General Land Exchange Act of 1922
- Long title: An Act to consolidate national forest lands by authorizing exchanges of lands or interests therein.
- Enacted by: the 67th United States Congress

Citations
- Public law: Pub. L. 67–173
- Statutes at Large: 42 Stat. 465

Codification
- Acts amended: Communications Act of 1934
- U.S.C. sections created: 16 U.S.C. §§ 485–486

Legislative history
- Introduced in the Senate and House (as separate bills) as S. 2993 / H.R. 9047; Signed into law by President Warren G. Harding on March 20, 1922;

= General Land Exchange Act of 1922 =

Federal law

The General Land Exchange Act of 1922 (16 U.S.C. 485, 486) was signed into law by President of the United States Warren G. Harding on March 20, 1922
This act allowed the U.S. Forest Service to consolidate its holdings in national forests where a large percentage of private lands were intermingled with forest lands. It made possible the exchange of inholdings within national forests for private lands of equal value and within the same state.
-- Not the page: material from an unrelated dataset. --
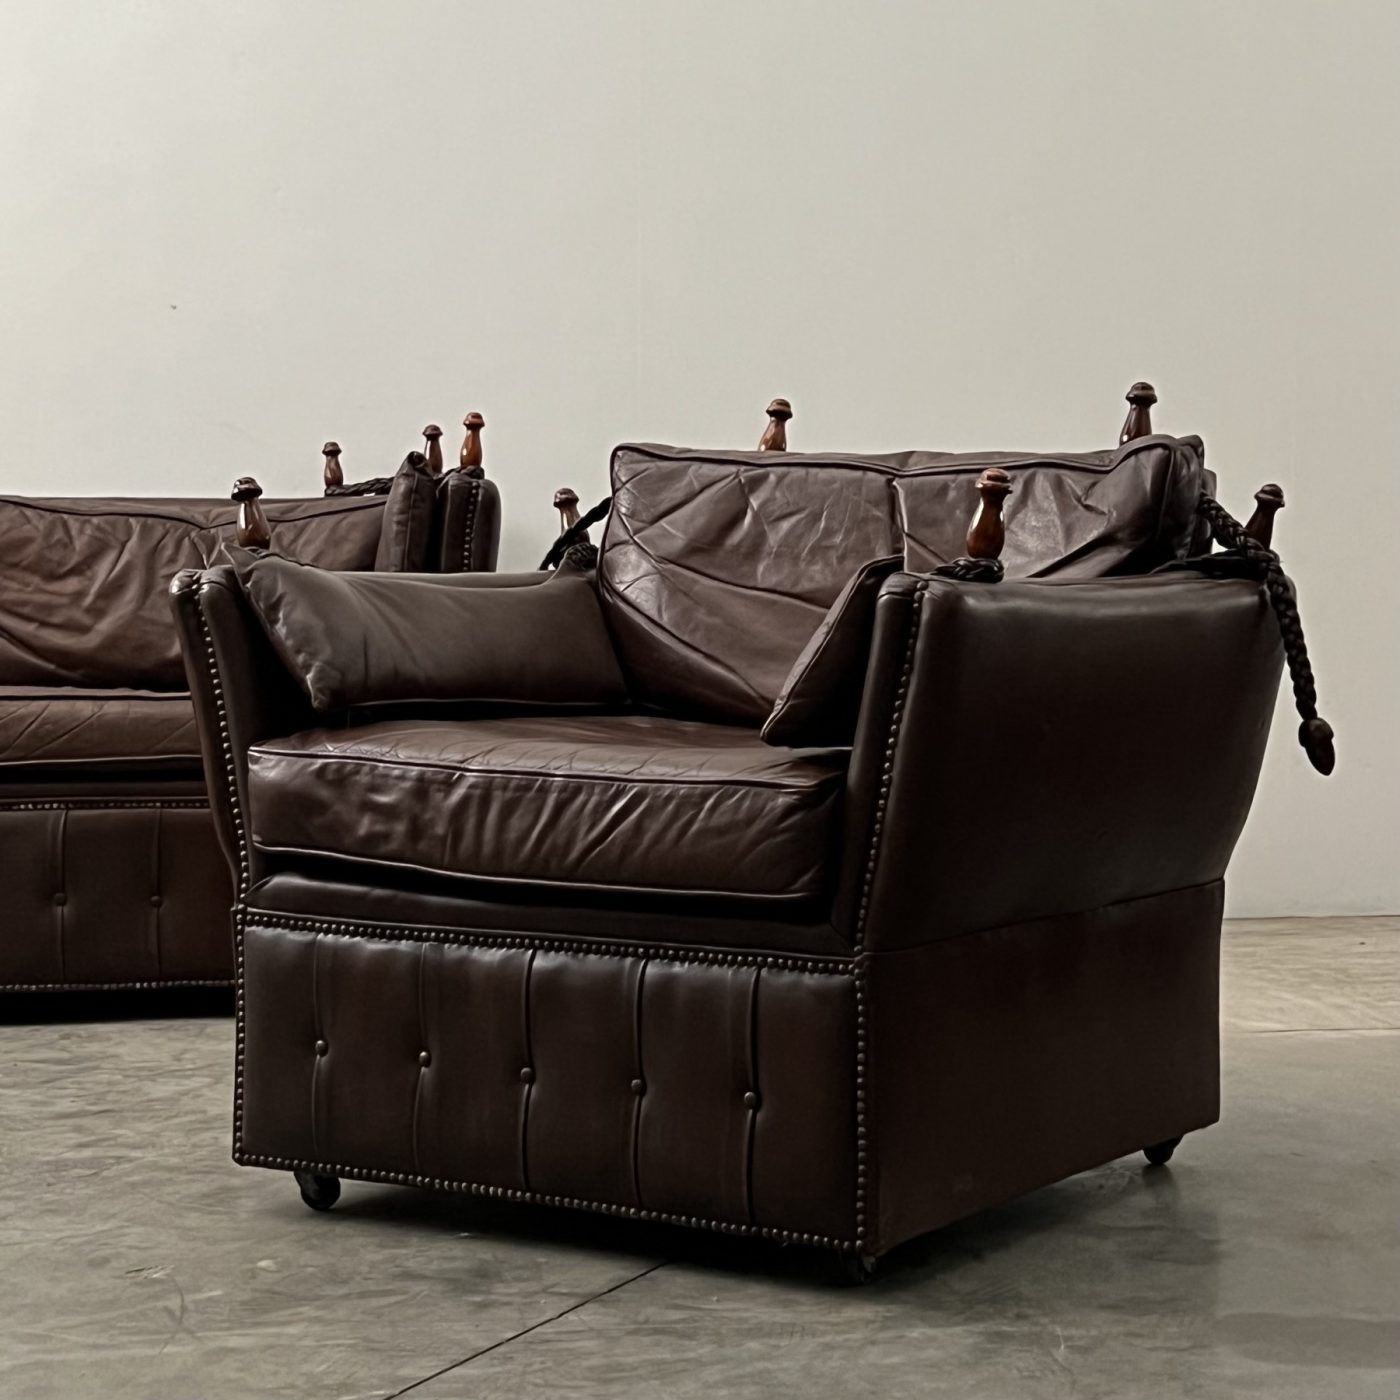 objet-vagabond-leather-set0006
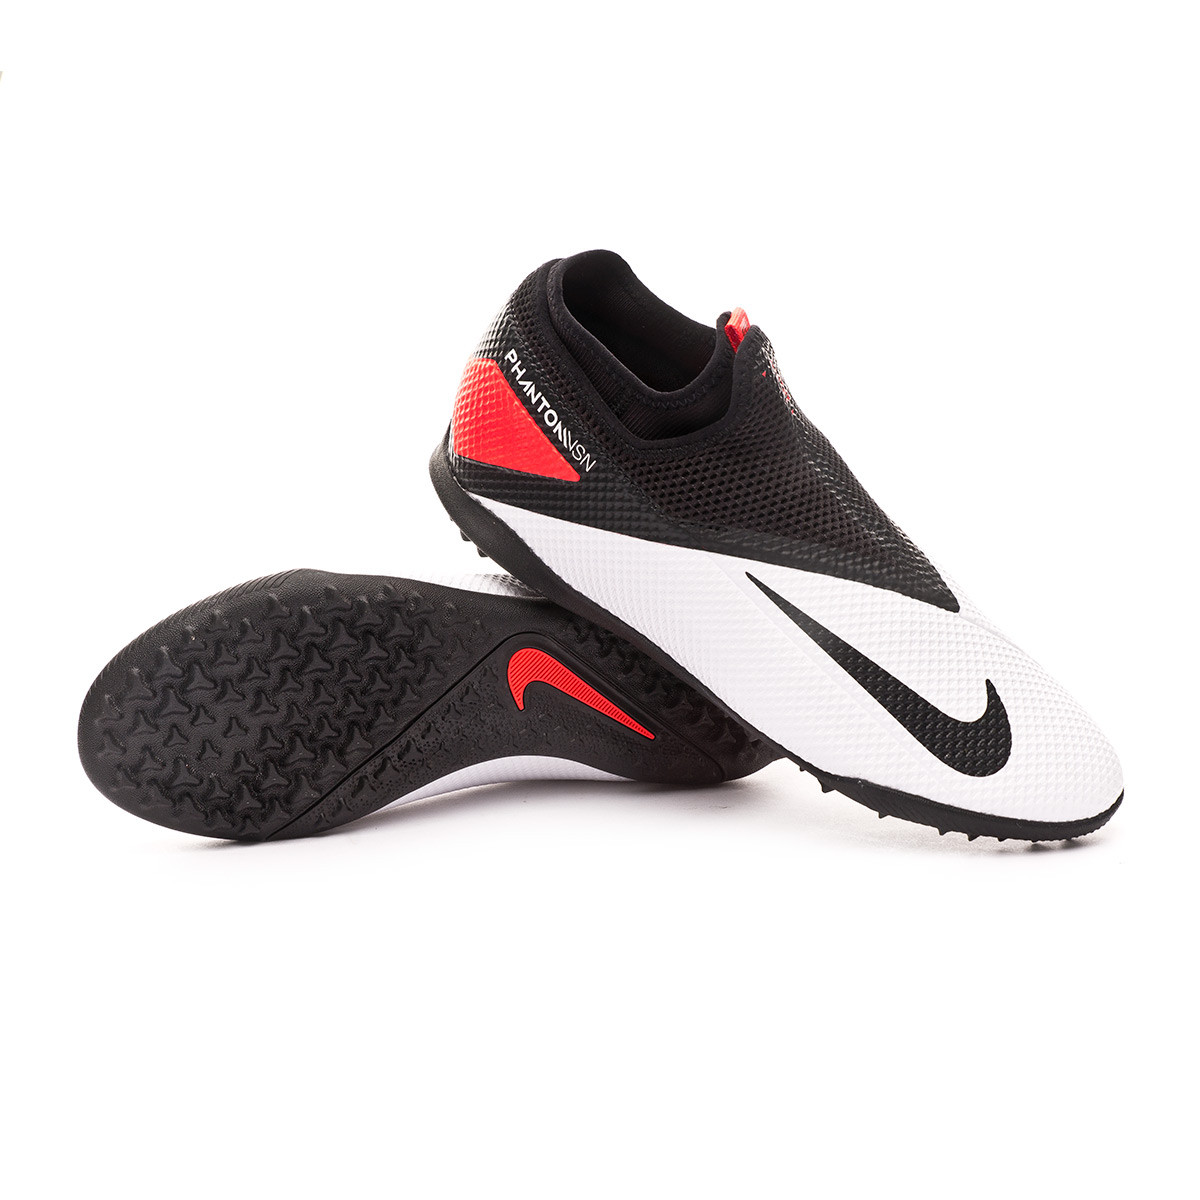 Tenis Nike Phantom Vision II Academy DF Turf White-Black-Laser crimson -  Tienda de fútbol Fútbol Emotion

This act also made for better management and administration in accordance with future planning initiatives because the process of a mutually desirable exchange was greatly simplified by this legislation to a matter of just signing papers.

Chief Forester William B. Greeley predicted in 1922 that "this law would probably be regarded as one of the half-dozen most important laws affecting the National Forests."